Pemerintah menyebut relokasi pabrik China ke Indonesia bisa menjadi peluang untuk meningkatkan investasi di dalam negeri. Wakil Menteri Investasi dan Hilirisasi/Wakil Kepala Badan Koordinasi Penanaman Modal (BKPM), Todotua Pasaribu, menyebut tren ini bukan hanya sebatas relokasi, melainkan juga membuka peluang ekspansi investasi baru di Tanah Air.
“Dua-duanya pasti, relokasi itu adalah sesuatu karena memang salah satu shifting daripada tarif dan kita sukses bisa me-manage tarif kita 19 persen one of the best in South East Asia. Tentunya banyak manufacturer-manufacturer dari negara lain yang punya kepentingan untuk masuk pada pasar Amerika itu memilih untuk masuk ke kita itu satu,” kata Todotua kepada wartawan disela acara OCBC One Connect 2025 di Hotel Fairmont Jakarta, Rabu (27/8).

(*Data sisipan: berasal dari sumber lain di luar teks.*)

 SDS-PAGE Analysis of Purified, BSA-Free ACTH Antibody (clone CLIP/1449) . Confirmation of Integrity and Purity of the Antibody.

Indonesia saat ini mendapatkan tarif dari AS sebesar 19 persen, setara dengan Malaysia, Filipina, dan Thailand. Angka ini lebih rendah dibanding Vietnam yang kena tarif 20 persen, serta jauh di bawah China yang tarifnya sudah melampaui 30 persen.
Todotua melanjutkan, sektor manufaktur menjadi potensial untuk menarik investasi, khususnya dari relokasi pabrik China.

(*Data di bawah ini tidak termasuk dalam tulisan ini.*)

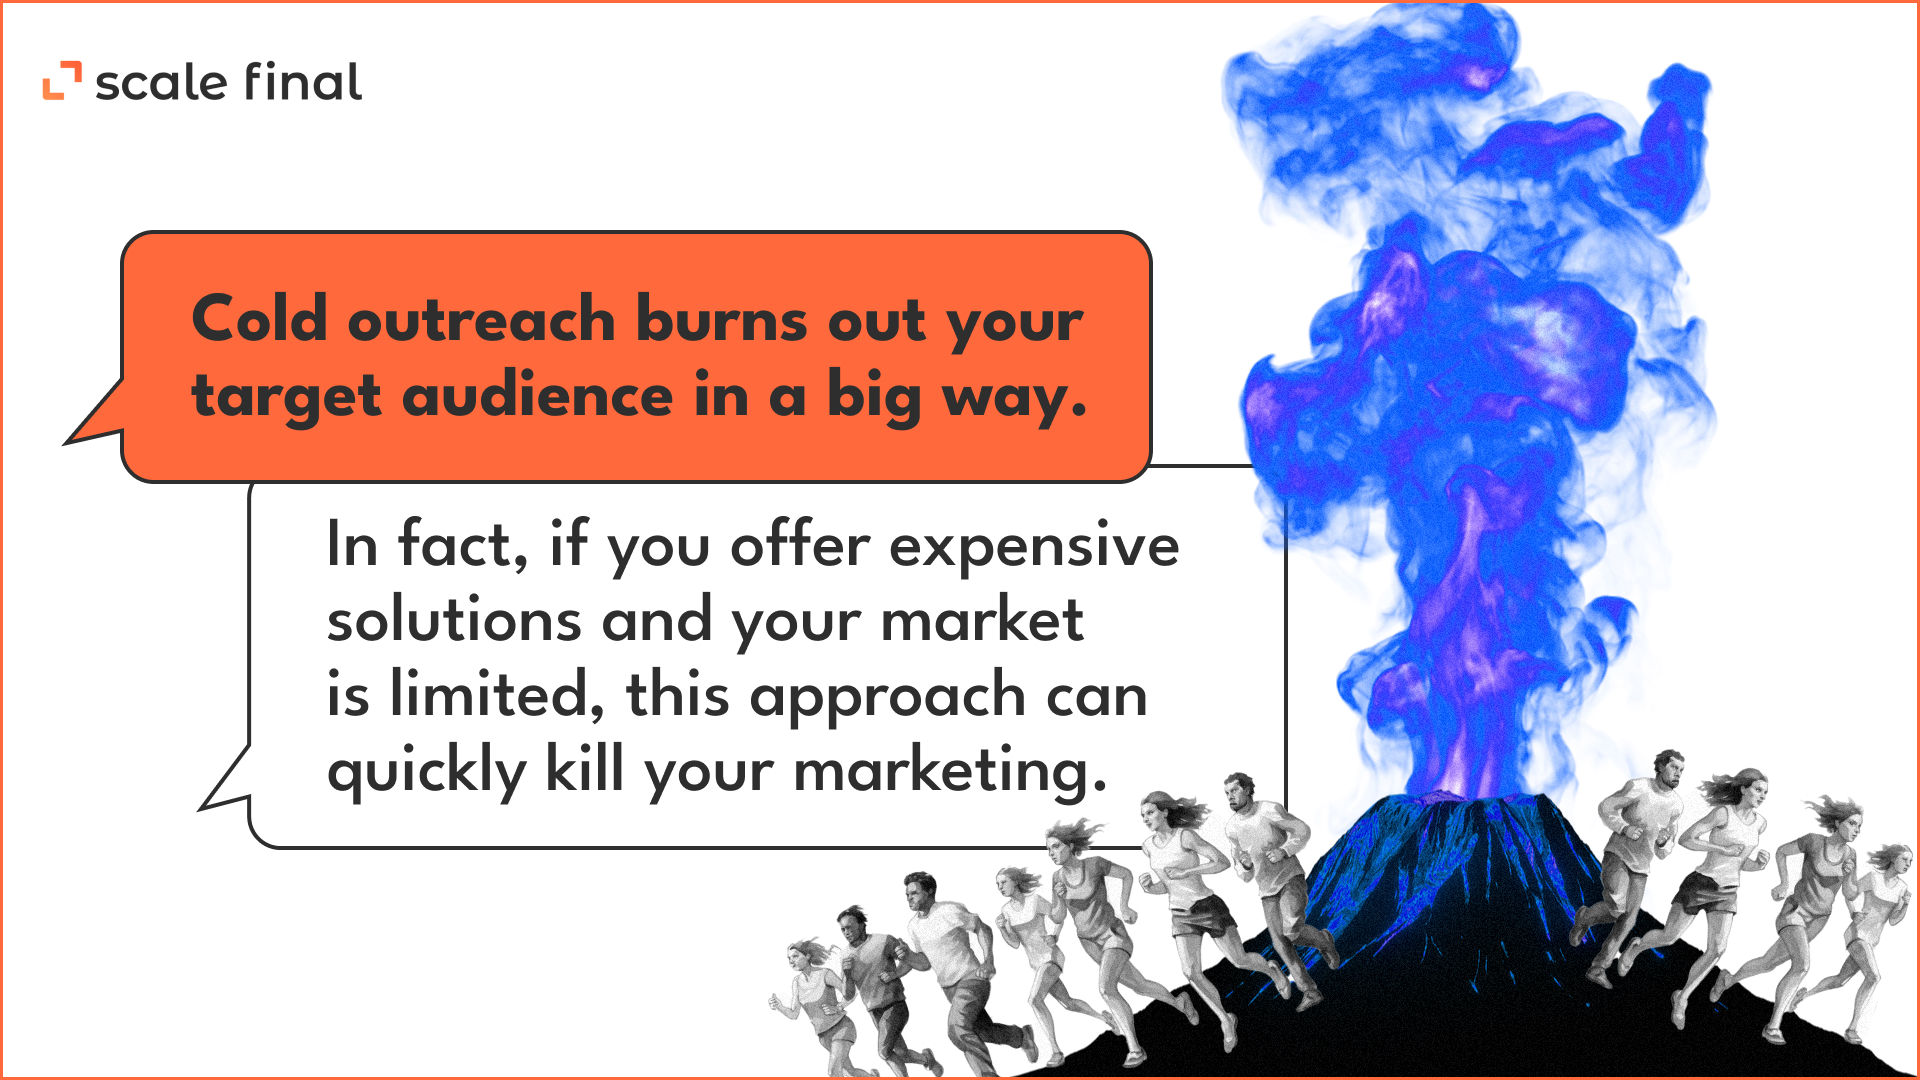 Cold outreach burns out your target audience in a big way.In fact, if you offer expensive solutions and your market is limited, this approach can quickly kill your marketing.

“Sektor-sektor lain itu pasti industri manufacturing banyak pakaian dan lain-lain, di elektronik dan lain-lain tentunya itu satu, yang kedua potensial untuk new investment maksudnya bukan hanya relokasi tetapi dia juga mengembangkan investasi yang baru di sini juga,” ujarnya.
Meski begitu, Todotua mengingatkan persaingan memperebutkan investor masih ketat. Selain Vietnam, kawasan Afrika juga menawarkan tarif rendah untuk masuk ke pasar Amerika.
“Itu tadi yang saya bilang tadi, bagaimana kita memang bisa siap menjadi negara tujuan destinasi investasi bagaimana kita bisa manage perizinan dan regulasi kita semakin lebih baik,” katanya.
Sebagai perbandingan, Todotua menyinggung perbedaan siklus investasi di Indonesia dengan Vietnam. Menurut dia, proses realisasi investasi di Vietnam relatif lebih cepat, yakni hanya sekitar 2 hingga 2,5 tahun.
Sementara di Indonesia, siklus investasi dari tahap masuk hingga beroperasi penuh masih membutuhkan waktu lebih panjang, yakni sekitar 3 hingga 4 tahun.
"Bagaimana kita mengintegrasikan agar semua proses perizinan, lokasi daripada investasi itu menjadi mudah, para investor itu datang bisa lebih mudah, supporting utility terhadap kegiatan berinvestasi juga bisa terbaik, kita bisa memberikan harga energi yang baik sehingga semua investor yang datang di sini itu mereka bisa berinvestasi dan bisa sustain dalam jangka yang panjang,” terang Todotua.
Sebelumnya, sejumlah perusahaan asal China dilaporkan tertarik memperluas bisnis dan membangun pabrik di Indonesia, terdorong oleh tingginya tarif yang diberlakukan Amerika Serikat (AS) terhadap China.
Pendiri perusahaan konsultasi lahan industri di Jakarta, Gao Xiaoyu, menerima banyak permintaan dari perusahaan China terkait rencana tersebut, seperti dikutip dari Reuters, Jumat (15/8).
Pada gelombang awal ekspansi, perusahaan-perusahaan China lebih banyak memilih Vietnam dan Thailand. Namun kini, Indonesia dan negara tetangga lain mulai menjadi tujuan di tengah memanasnya hubungan dagang dengan AS.